In this part of the experiment, 100 inshore remote sensing ship images with 634 samples were collected. These 100 images were further processed with our method. The same 100 images were used for testing. The original RPN_IOU positive threshold and the RPN_IOU negative threshold are 0.7 and 0.2, respectively. The results of keeping the RPN_IOU negative threshold at 0.2 and changing the RPN_IOU positive threshold from 0.5 to 0.9 are shown in
Table 3 and
Figure 10. We considered the difference between the simulated ship objects and the real ship objects to be small and have no influence on the RPN network if no sudden change could be observed in the test results.
For our data, it can be seen from the experimental results that the change in the RPN_IOU positive threshold from 0.5 to 0.9 had little impact on the experimental results. It can be considered that these simulated ship objects are the same as real ship objects; i.e., simulated ship objects can be applied to replace the ships in the real images. The best results were obtained with an RPN_IOU positive threshold of 0.8.
Table 4 and
Figure 11 show the results of keeping the RPN_IOU positive threshold at 0.8 and changing the RPN_IOU negative threshold from 0.2 to 0.5.
When the RPN_IOU negative threshold changes from 0.2 to 0.5, the precision gradually decreases and the recall gradually increases, and the F-measure also decreases.
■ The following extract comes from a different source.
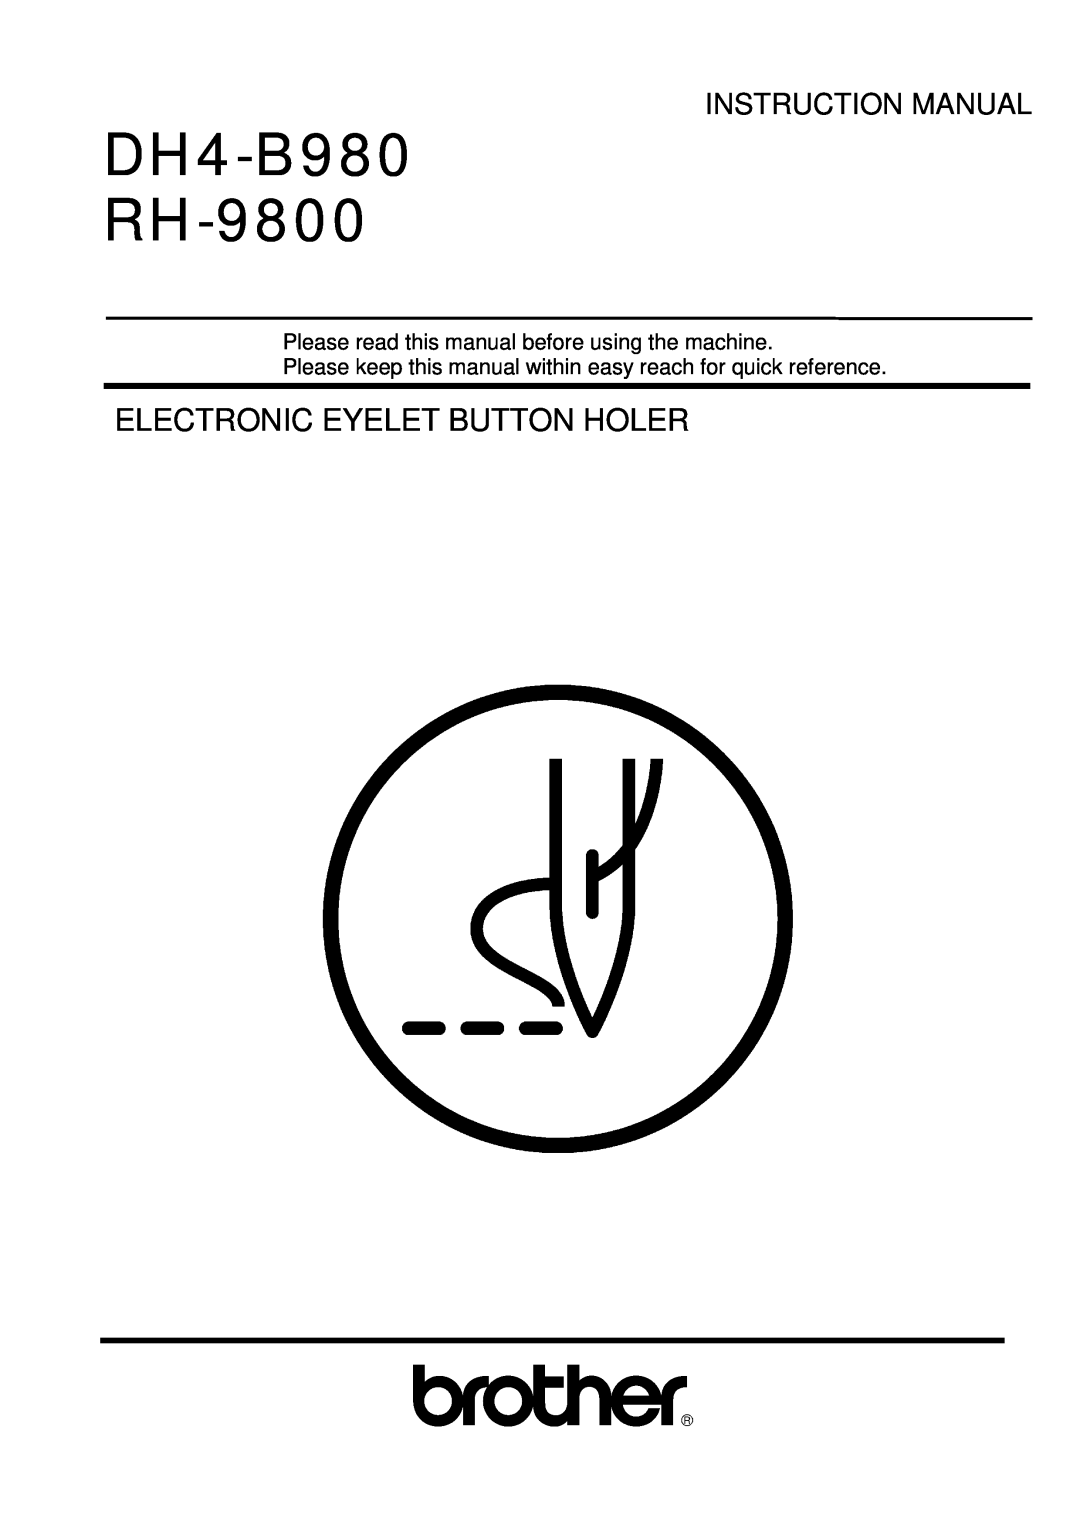 Brother instruction manual DH4-B980 RH-9800, Electronic Eyelet Button Holer, Instruction Manual

The best results are obtained when the RPN_IOU negative threshold is 0.2. We can conclude that the simulated ship objects are not recognized as background information.
4. Conclusions
In this paper, we proposed a training strategy of making simulated images to augment the data and reduce manual annotation. In the proposed method, the ship models are projected onto real images to generate simulated images and improve the quality of the dataset. The experimental results verified that the simulated images were realistic and suitable for dataset extension. At the same time, our method can be combined with traditional data enhancement methods, which greatly increase the number of samples. The experiments show that the ship detection results have been improved with our data augmentation method.
However, some problems are still need to be improved. We use only a few types of ship models and a small number of ship models. The selection of projection positions of ship models needs further improvement to avoid the occurrence of ship–land overlap. The color of the ship’s three-dimensional model also needs to be improved. In the future, we will apply textures to the model based on the corresponding pattern of the real ship, and not just color.